91. Долг поводыря

 Уже в течение восьми сезонов я безуспешно пытаюсь понять, как мой наставник умудрялся сочетать управление монастырской жизнью с наполнением собственной смыслом существования!..

 Словно бесконечная вереница овечек, неспешно плетущихся в узкой долине, проходили дни жаркого лета, затем, не слишком жаркой осени и, наконец, совсем не жаркой зимы в мерной жизни монастырских забот.

 Все части храмовых ритуалов, житейские проблемы запаса провизии, здоровье и самочувствие монахов – это и ещё многое другое, часто неожиданное, но не менее важное, легло ежедневной обязанностью на мои плечи.

 Да что там плечи!

 Непомерным грузом ответственность согнула мне спину, одурманила голову, заполонила мысли и отняла то, чем я дорожил больше всего – свободу!

  Раннее утро начиналось с молитв и медитации в храме, затем утренняя встряска тела физическими и боевыми упражнениями. Завтрак сменялся на работы по хозяйству и раздачу поручений на день всем желающим трудиться.

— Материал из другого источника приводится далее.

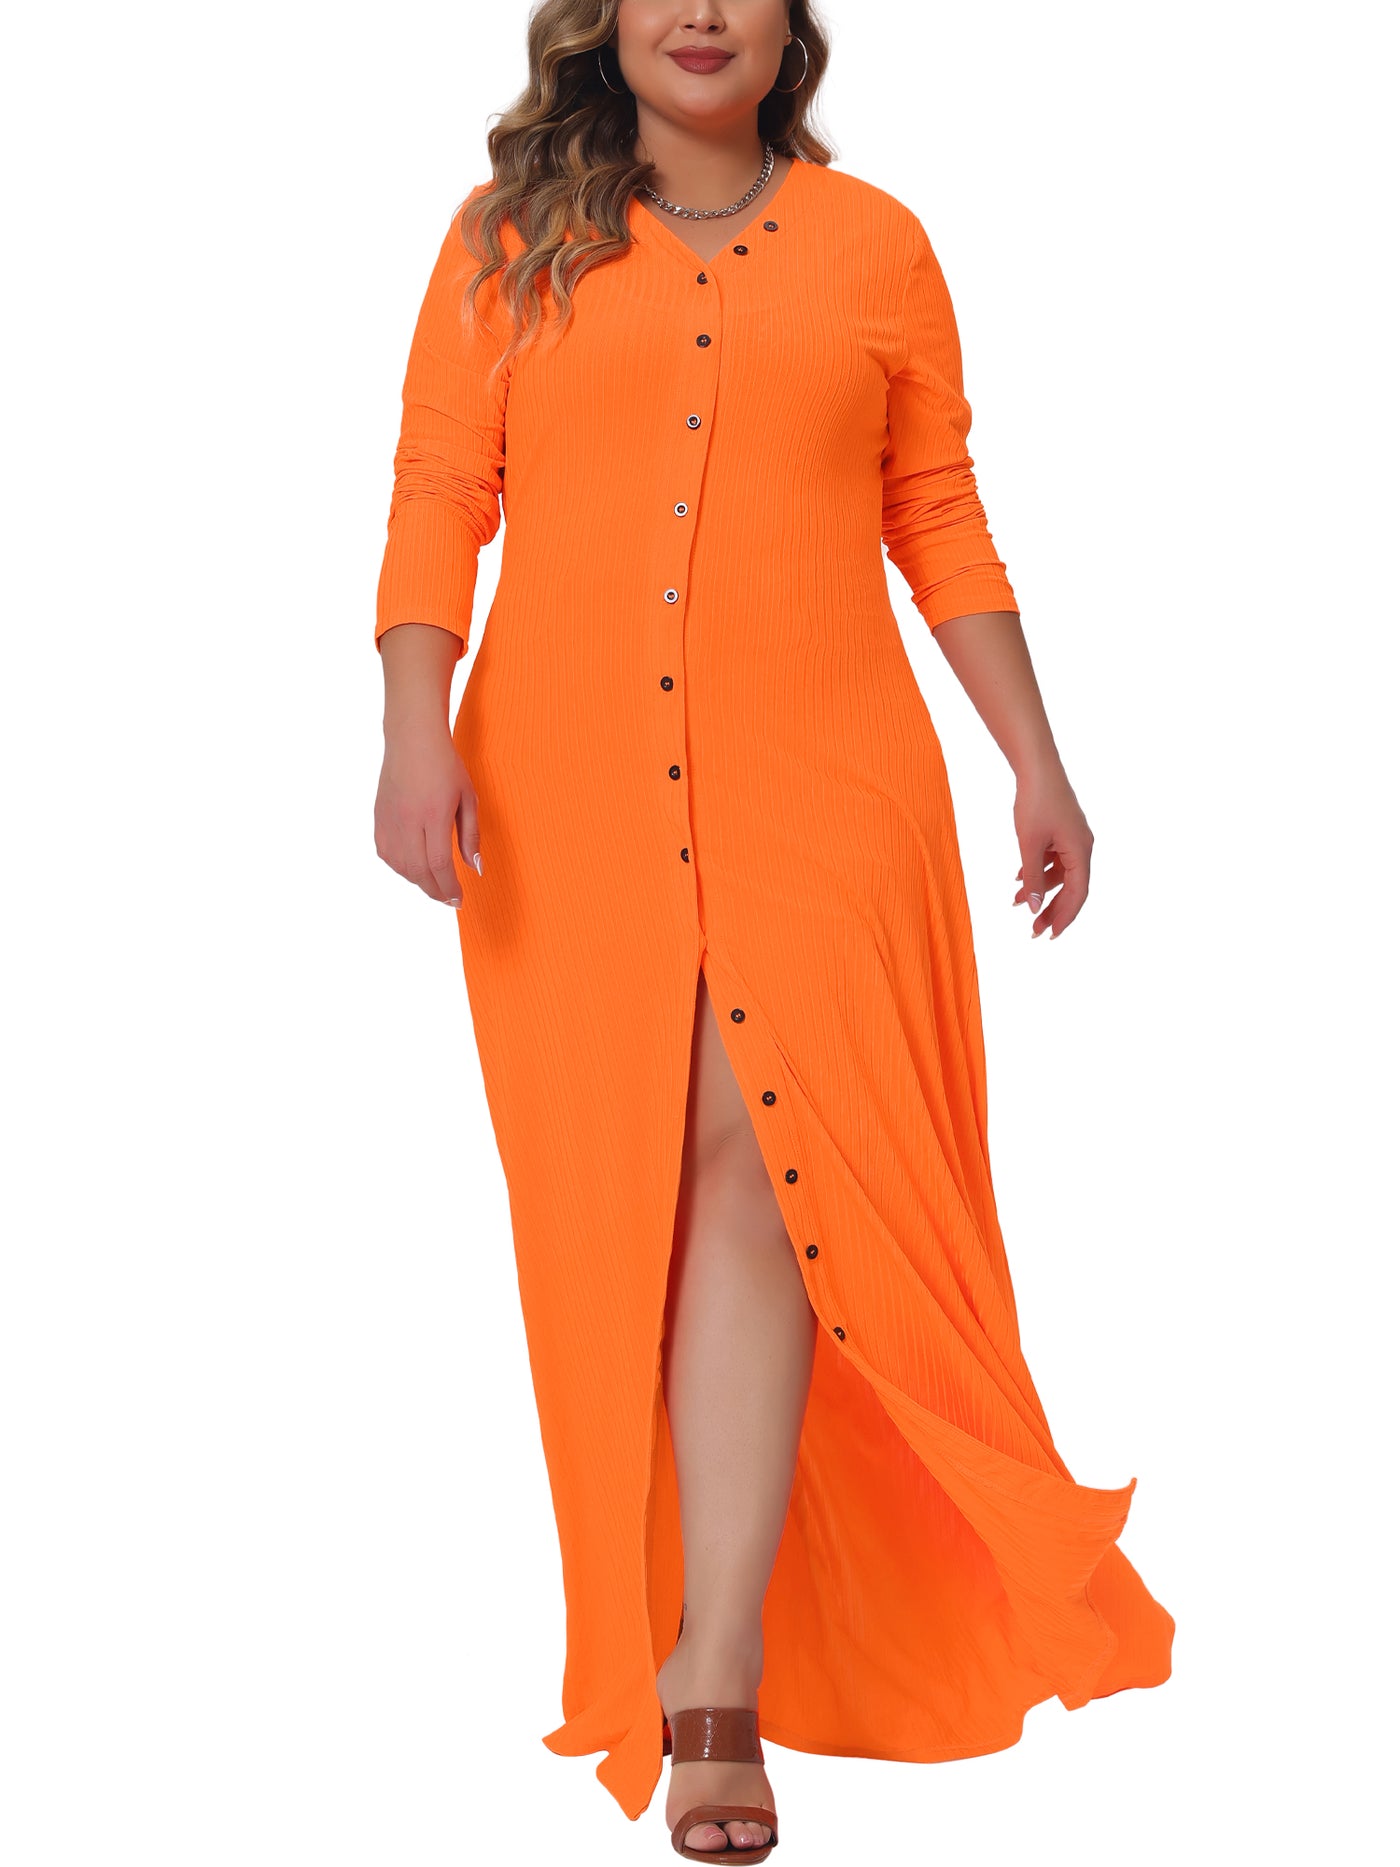 Bublédon Plus Size Dresses for Women Side Split Long Sleeve Button Down Cardigans Swimsuit Cover Ups Beach Dress

 Дни, когда наставник не исчезал из монастыря по каким-то личным, как он говорил, «прощальным» делам, наполнялись беседами, спорами на различные, часто совершенно неожиданные темы. Это происходило или на террасе, в хорошую погоду, или в храме, при ненастье. А так как речь шла обычно о том, что волновало всех, например, «Что важнее, зрение или слух?» или «Как понять свой путь судьбы?» или вот ещё «Где хранится здоровье?», то все братья, свободные от работ, заворожено слушали, заинтересованно переспрашивали, обсуждали между собой услышанное и понятое.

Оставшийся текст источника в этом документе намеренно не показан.